Shiny Stuff
AM Psalm 16, 17 • PM Psalm 134, 135
Dan 3:1-18 • 1 John 3:1-10 • Luke 3:15-22
Gold is a major character in today’s reading from Daniel. My research has had me look into it, and it is interesting stuff. Every ounce on earth is a space traveler. Gold is born either in a supernova, the explosion of a massive star, or in a collision of two unimaginably dense neutron stars. It is flung into space. Some coalesces with other materials to form planets and other celestial objects. Most of earth’s gold is in its unreachable molten core, but some arrived about two hundred million years after the planet’s birth when we were bombarded by something like a billion billion (that’s a one followed by twenty-four zeros) tons of meteors and asteroids. It was plowed into the earth’s crust. Some was brought up, usually in mountains, by tectonic activity. That is the gold that people have mined for maybe seven thousand years.
Gold has virtually no practical uses, and yet across cultures people have considered it the definition of wealth and the essence of beauty, probably because it is shiny and does not corrode. Often it has been considered divine. Egyptians called it the breath of the gods. Aztec ideas were a little earthier. Put discreetly, they called it god-scat, a kind of holy fertilizer for humanity.

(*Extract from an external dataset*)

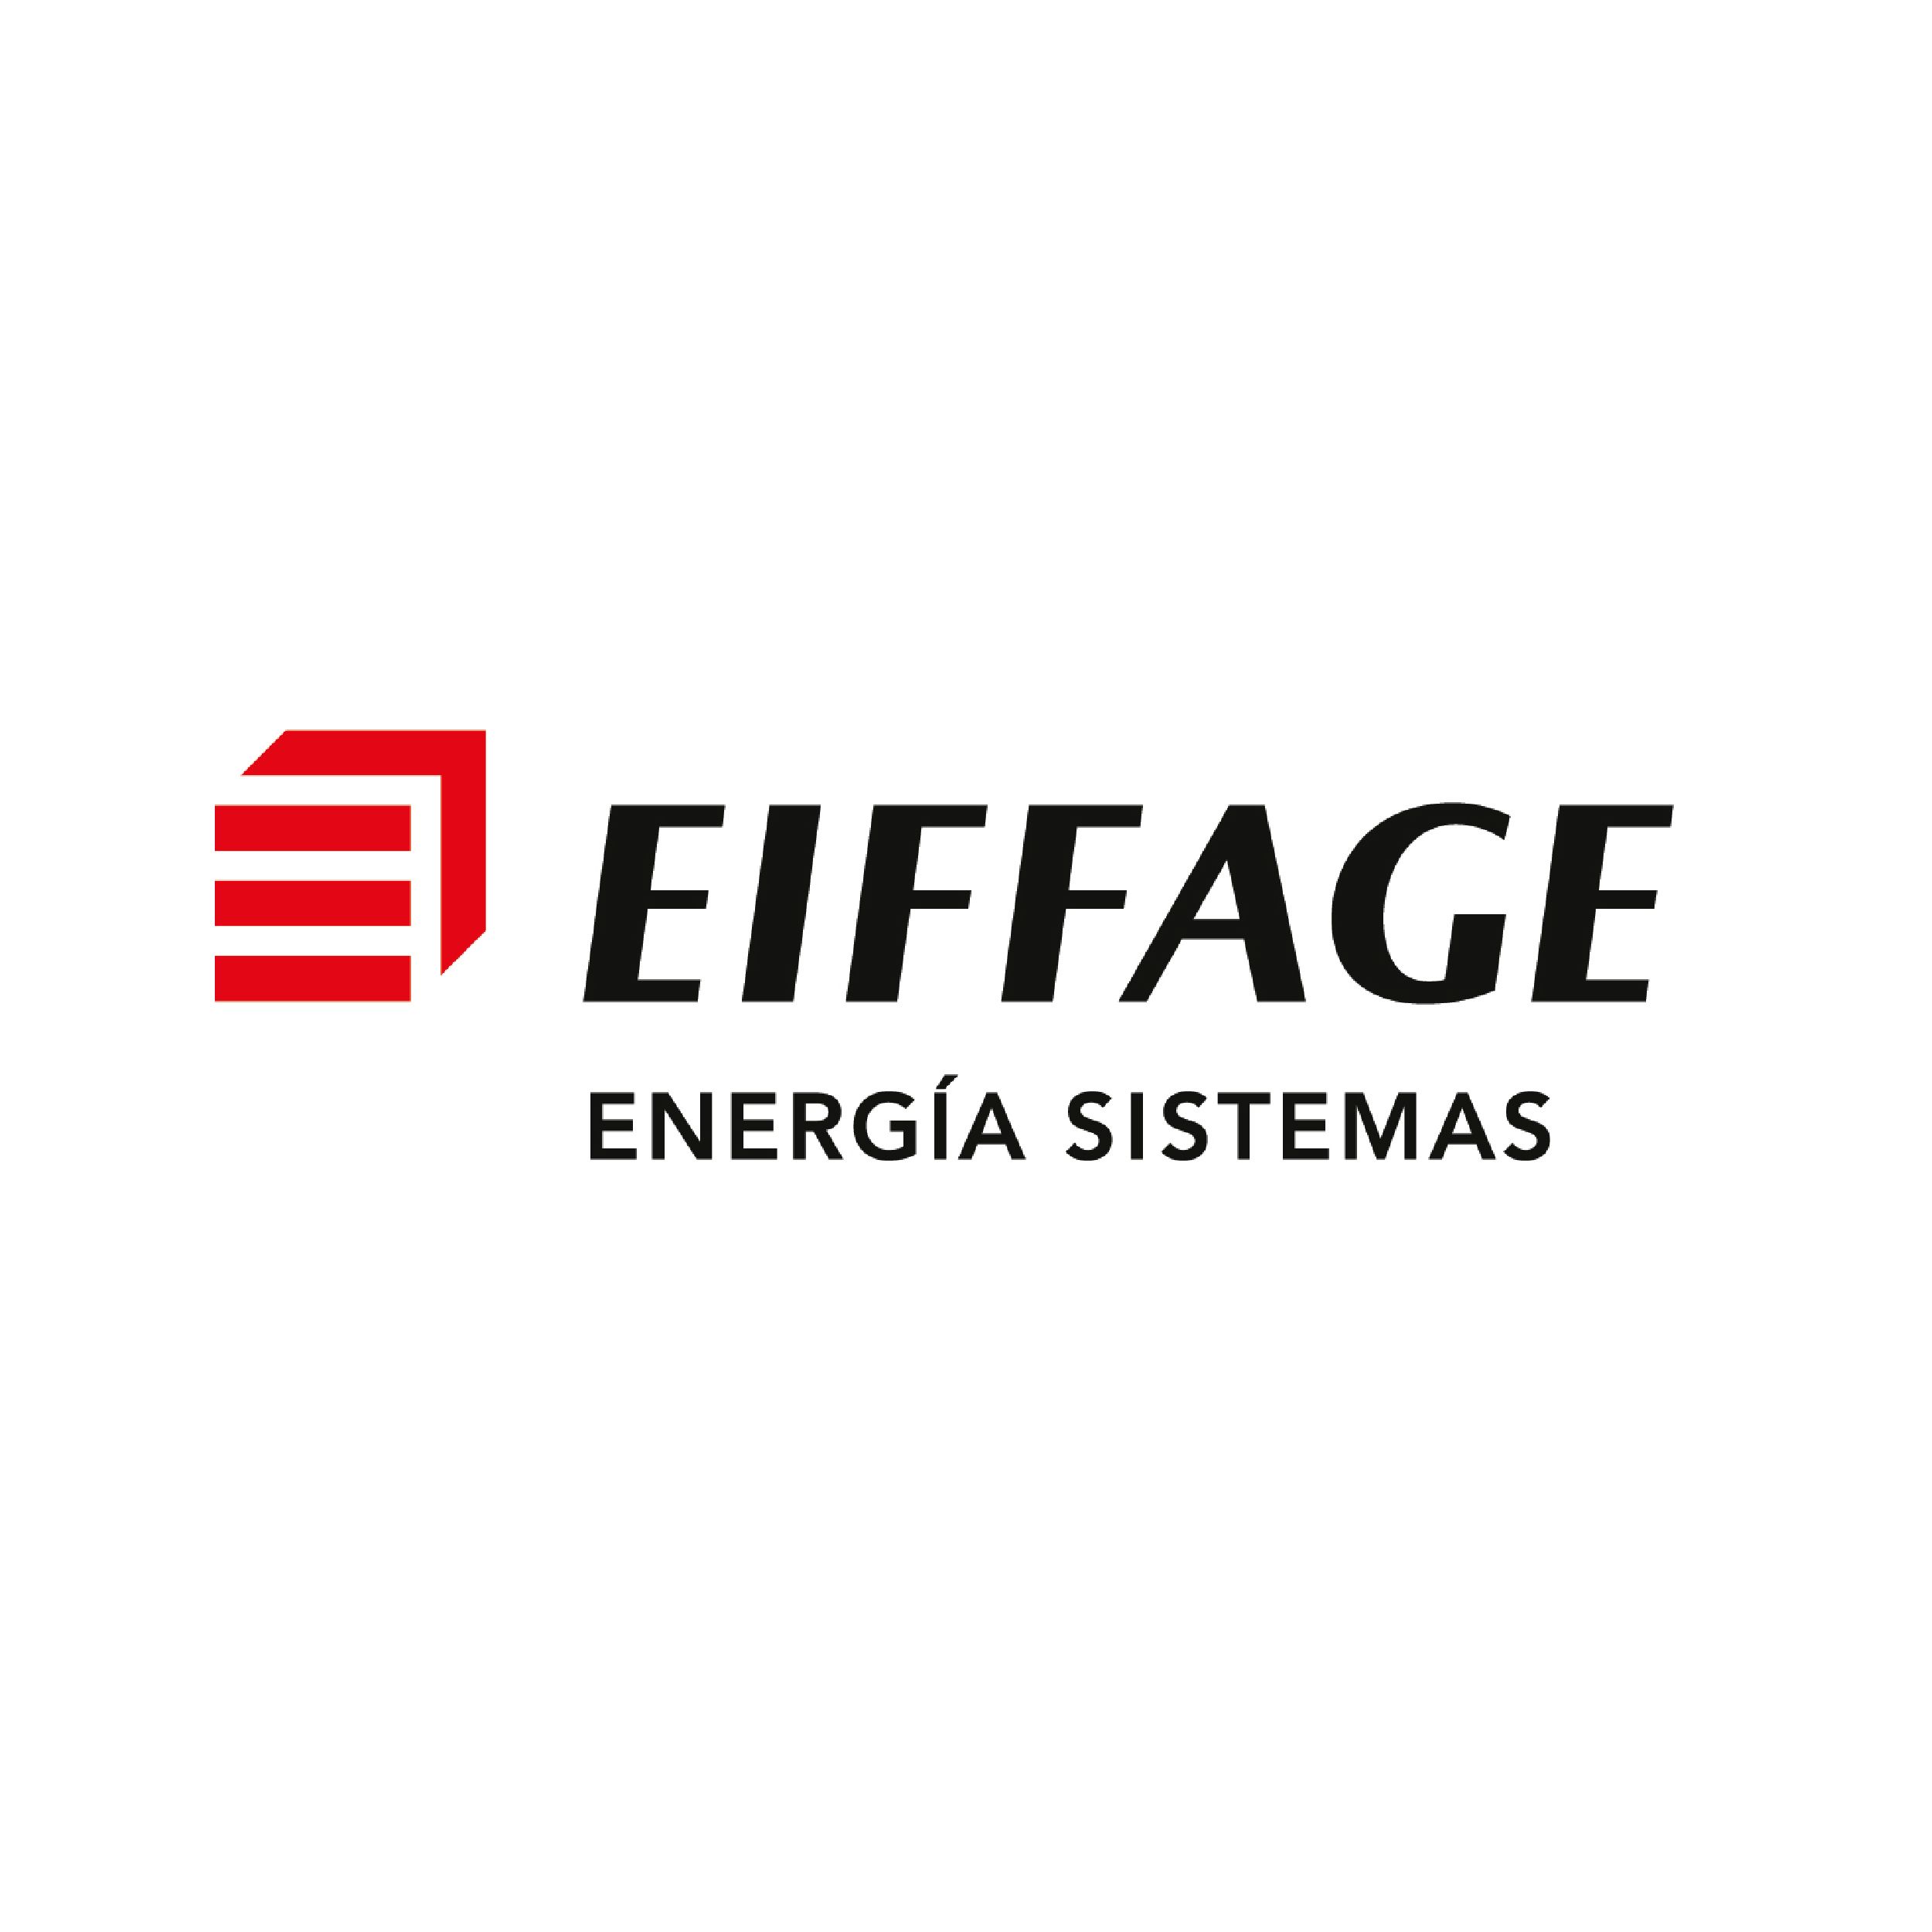 EIFFAGE ENERGÍA SISTEMAS

I like to remember that the band Suzanne put on my left ring finger more than thirty-seven years ago is stardust that has come from an unthinkable remove to end up exactly where it ought to be.
But it is not God.
In the lesson from Daniel, King Nebuchadnezzar erects a golden image—we’re not told of what, maybe himself?—that in our terms is about ninety feel tall and nine wide. On a musical command, everyone of every land is to fall down and worship it. Since the option is to be roasted alive, just about everybody does.
Just about, but not all. Shadrach, Meshach, and Abednego, as faithful Jews, will worship no other God, however shiny. When the king learns of this, he calls them to his court and to the massive golden image. They say, in effect, “meh.” And when he says they must worship or head to the furnace, they answer, “No, thanks, and OK.”
We know, of course, that things work out for them, but in our materialistic world, it’s hard for me to imagine a more extreme version of a temptation to false worship than a nine-story column of gold. Every one of us has been tempted, and will be tempted again, by the pursuit of some reward that would take us away from a God-centered life, but have you, or I, had anything approaching that? A Nobel prize? A plush multi-story hotel named after us? An endowed university professorship?
Small beer, as they said out West, when compared to the temptation in Daniel. When the occasion arises, I’ll try to think of those three who remind us of what’s most important, and it’s not gold.
Written by Elliott West
Elliott teaches history at the University of Arkansas. He has been a member of St. Paul’s for more than twenty-five years.